Lego Legends of Chima
- Sub‑themes: Accessory sets, Contraction, Fire vs. Ice, Legend Beasts, Outlands, Speedorz and Tribe Packs
- Subject: Anthropomorphic animals, Fantasy and Warrior animals
- Availability: 2013–2015
- Total sets: 136
- TV series: Legends of Chima
- Official website

= Lego Legends of Chima =

LEGO theme

Lego Legends of Chima (pronounced /ˈtʃiːmə/ CHEE-mə) is a discontinued Lego theme that was introduced in 2013 and discontinued in 2015. The product line was based on the storyline of Legends of Chima, a 3D animated television series, which was produced to coincide with the Lego theme. The storyline was set in the fictional realm of "Chima", a fantasy world inhabited by various warring tribes of anthropomorphic animals that battle to collect a substance called "Chi". Alongside the television series and several shorts based on Lego Legends of Chima, the theme also produced a range of associated media, including theme park attractions, video games, and publications.

==Overview==
The product line focused on Chima, a fantasy world inhabited by eight warrior tribes of animals that battle for an energy source called "Chi". The toy line was driven by the storyline of the animated television series Legends of Chima, which follows two former childhood friends, Laval from the Lion tribe and Cragger from the Crocodile tribe, who become bitter enemies. The two main characters lead the battle among the eight tribes, which threatens the once-peaceful land of Chima.

==Development==
Lego Legends of Chima was developed to appeal to children and was designed to replace the Lego Ninjago theme, but was phased out to introduce other children's themes such as Nexo Knights. By contrast, Lego Ninjago continued production for over ten years.

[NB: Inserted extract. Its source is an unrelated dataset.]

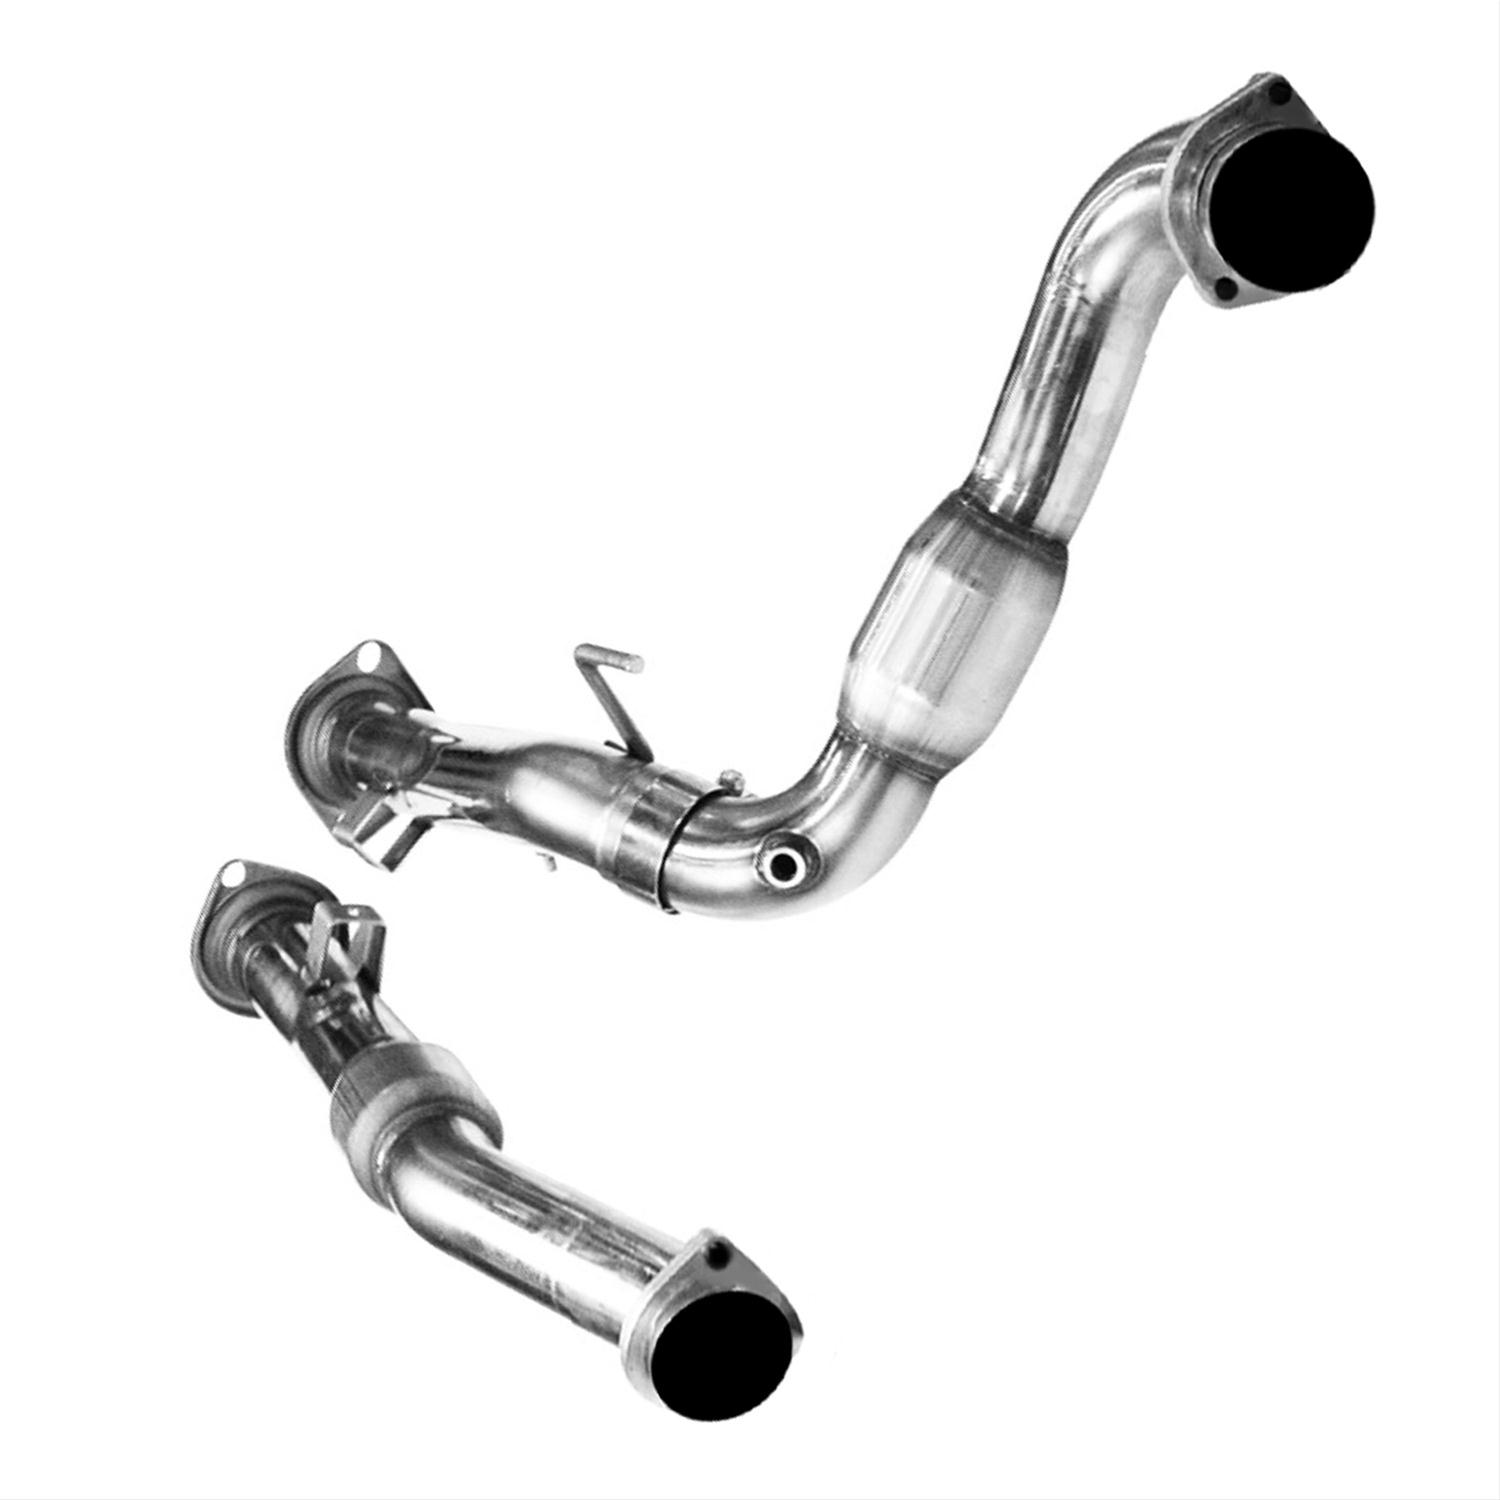 Kooks 2011+ Jeep Grand Cherokee 5.7L 3in x OEM SS Catted Connection Pipes

Legends of Chima was developed as a franchise to promote the Chima universe with the aim of launching across multiple platforms, consisting of the television series, online content, construction sets and video games.

In December 2014, Lego designer Samuel Thomas Johnson explained that the product line and the television series were closely aligned from the start and that the vehicles in the show were designed to match the models. He commented, "I'm lucky to have a talented guy on my team who has been drawing Lego models for years so I can give him a model and say 'can you do me some concept art for that?' and he'll have it done in an hour."... "We have a model, take tons of photos and videos, then do concept art; that's our starting point. It helps because trying to explain how bat wings are supposed to work in text doesn't make sense at all." He elaborated further on the creative process for the toy line by stating, "We make functions and try to fit them in with animals and what animals do. If a vehicle doesn't have the traits of the animal it is meant to resemble, it doesn't make a lot of sense."

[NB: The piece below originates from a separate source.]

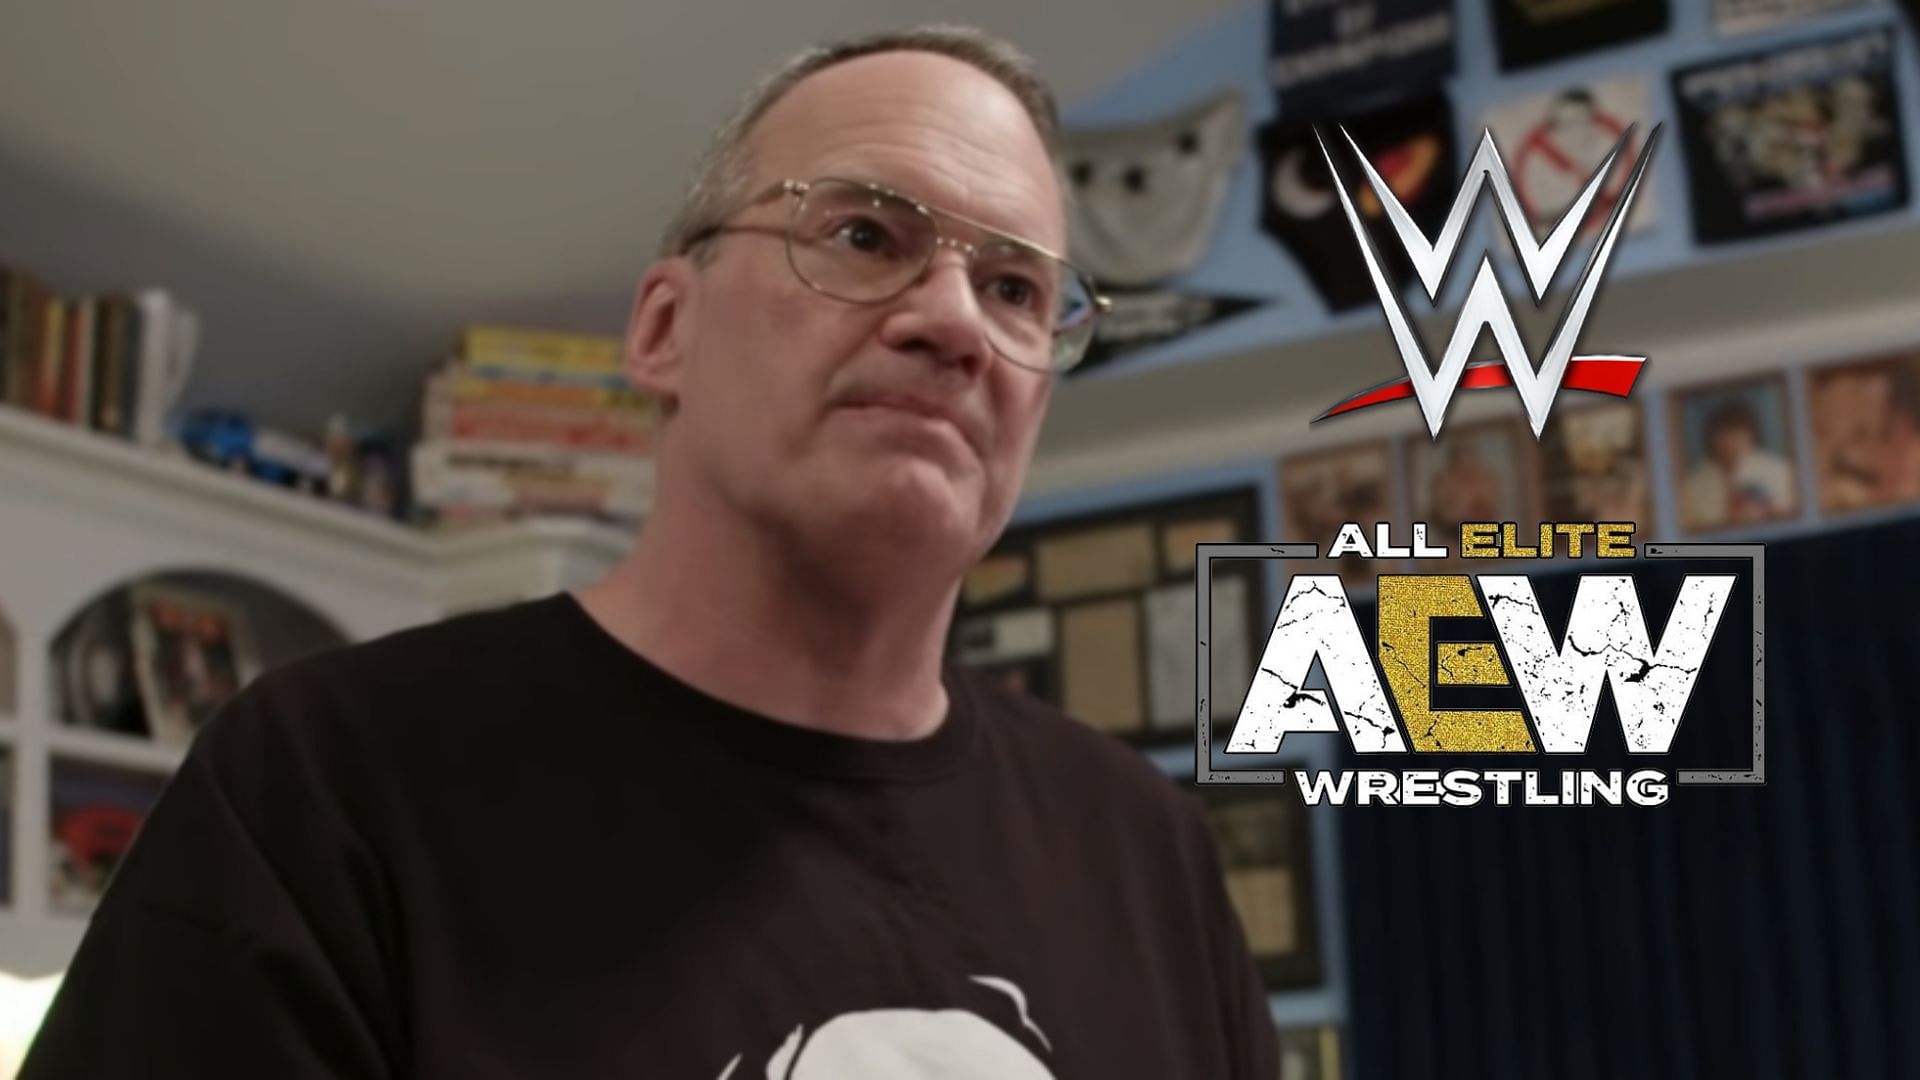 Legendary figure Jim Cornette was critical on how AEW was utilizing this former WWE tag team.

In 2021, The co-creator of Lego Ninjago Tommy Andreasen revealed the unseen concept art for the Legends of Chima on Twitter, detailing what the theme could have been had it taken a different path. Tommy Andreasen explained, "This is a concept film was made to explain Legends of Chima's ending internally.
The search for the Fire Wings was intended to be a six-episode arc which would also have introduced Florax, Flinx's mother, chief botanist of Chima, but plans were revised."

== Launch ==
Legends of Chima launched on 26 December 2012. The Chima franchise aimed to follow in the success of the Lego Ninjago theme. Soren Torp Laursen, President of Lego Systems commented, "Building upon our success with developing rich and immersive original storylines, most notable the recent Ninjago phenomenon, we're excited to launch a whole new world in Lego Legends of Chima to spark any child's imagination and invite them to the world of Lego building."

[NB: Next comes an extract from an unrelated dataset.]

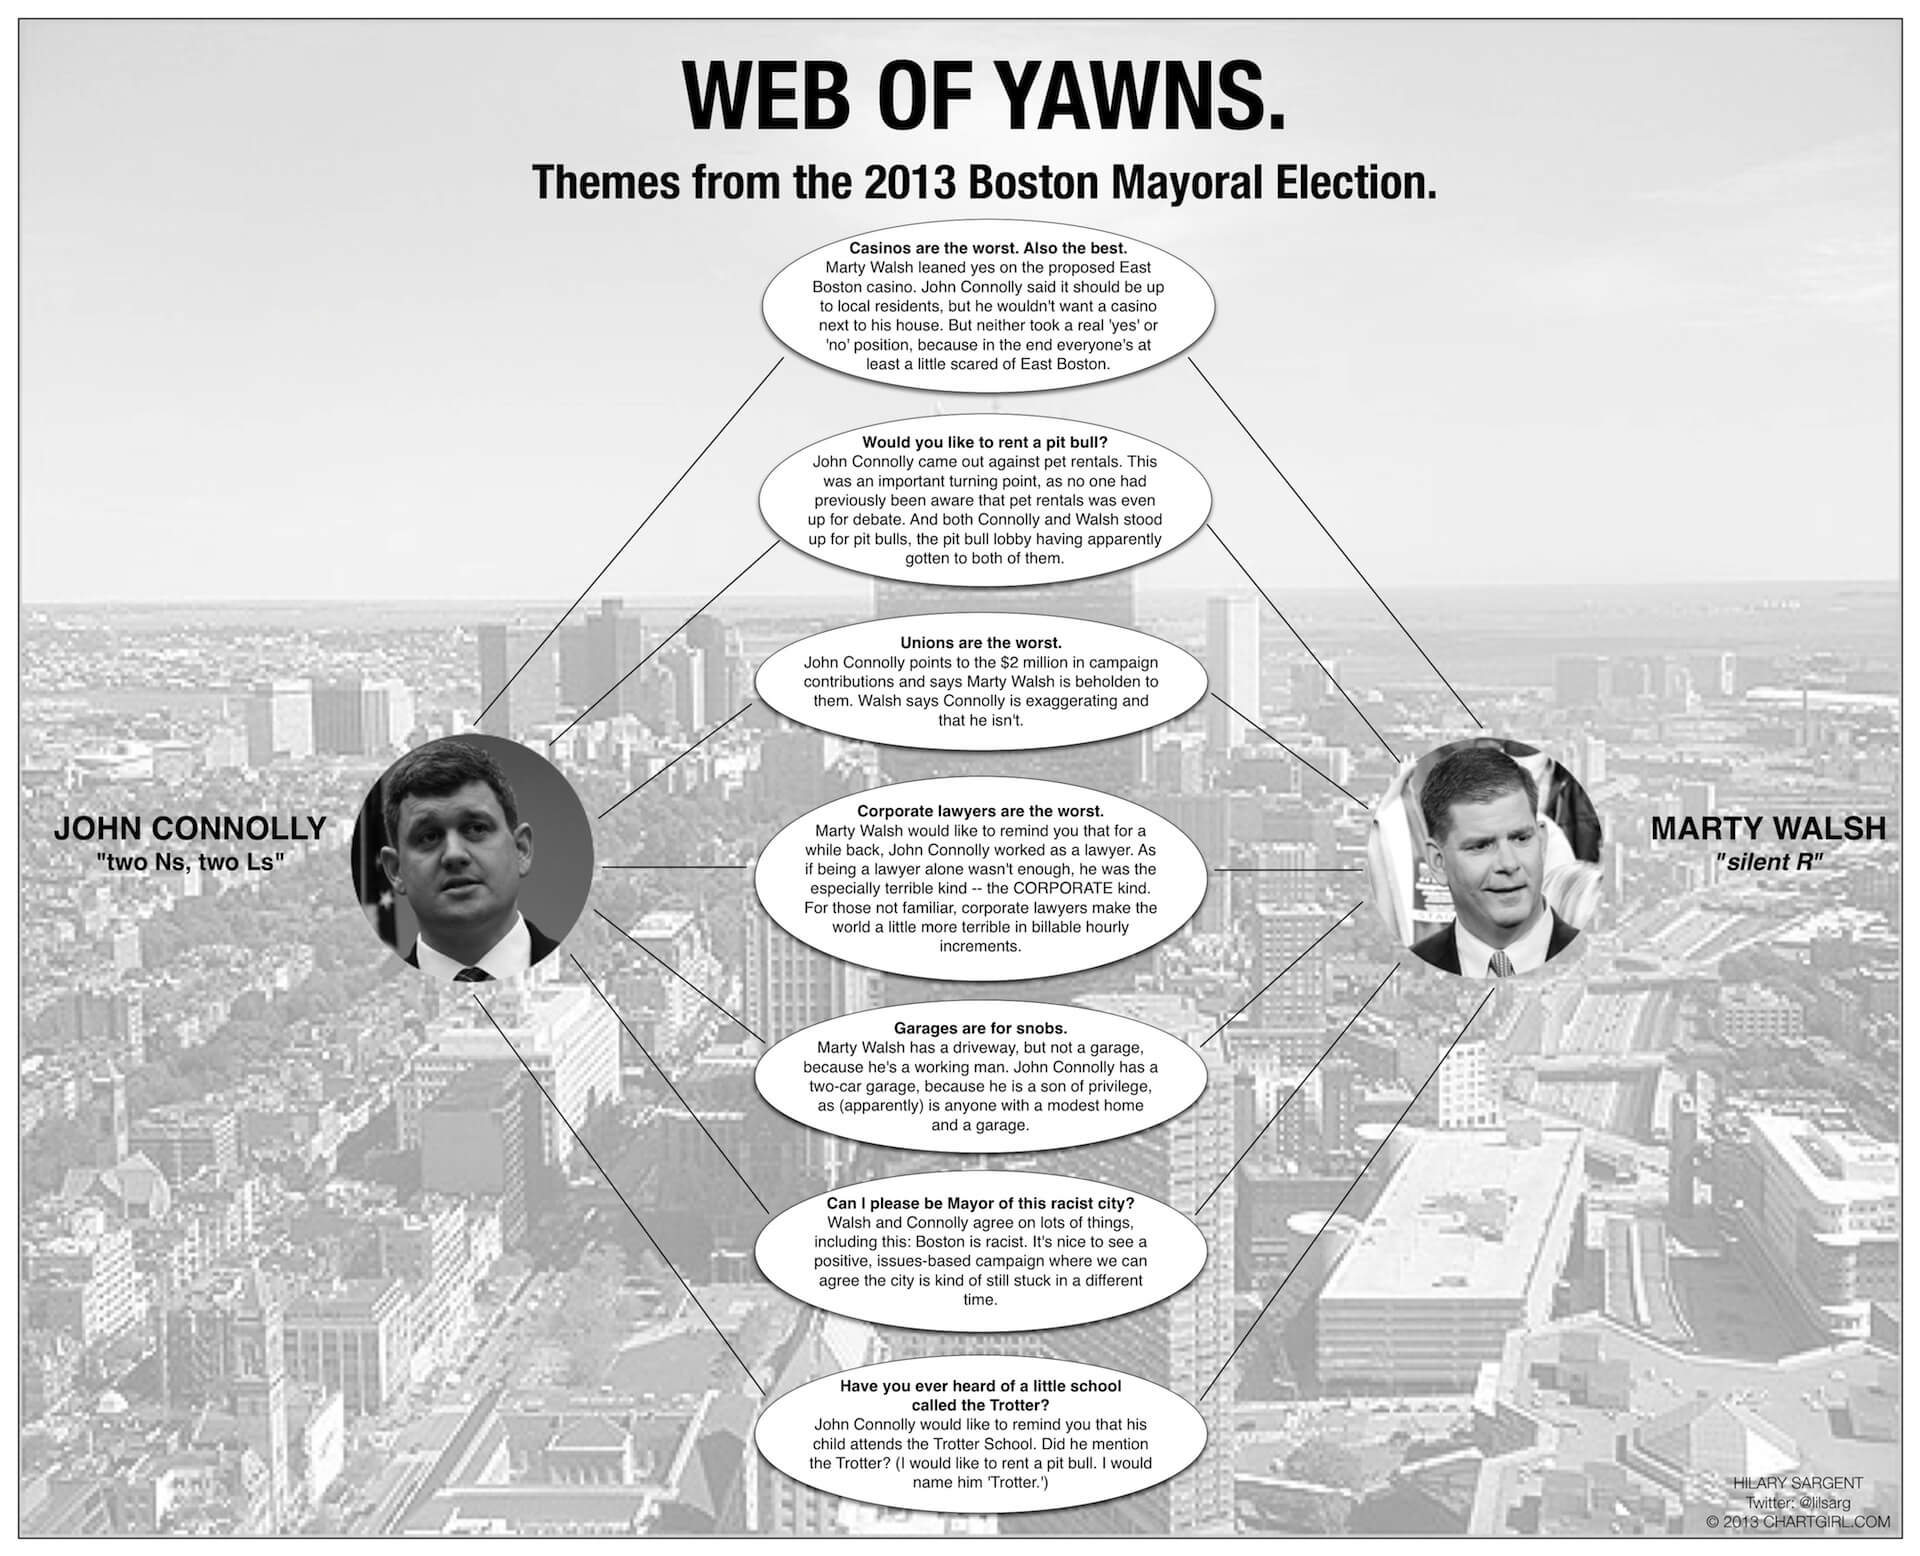 Web of Yawns: Themes from the 2013 Boston Mayoral Election.

The playsets were released from January 2013 and included a larger range of products than previous themes. The product range included construction toy sets, racing vehicles and a board game. The toy line also offered a battle play function that was similar to the Lego Ninjago spinner toys, which involved placing Lego minifigures on a spinning base. The vehicles included a Speedorz range, which were vehicles built from Lego bricks and powered by a ripcord to provide children with a racing challenge. Legends of Chima was created as a big-bang project that aimed to drive growth in the Lego toy line. In December 2012, a Lego spokesman predicted that Legends of Chima would top sales of Ninjago by as much as 30%.

To promote the Legends of Chima product line, four windows of Hamley's in Regent Street, London were taken over by a window display from Boxing Day 2012 to 8 February 2013. The window display featured two 2.9-metre models of Chima's two main characters, Laval the Lion and Cragger the Crocodile, and a 3D recreation of Mount Cavora.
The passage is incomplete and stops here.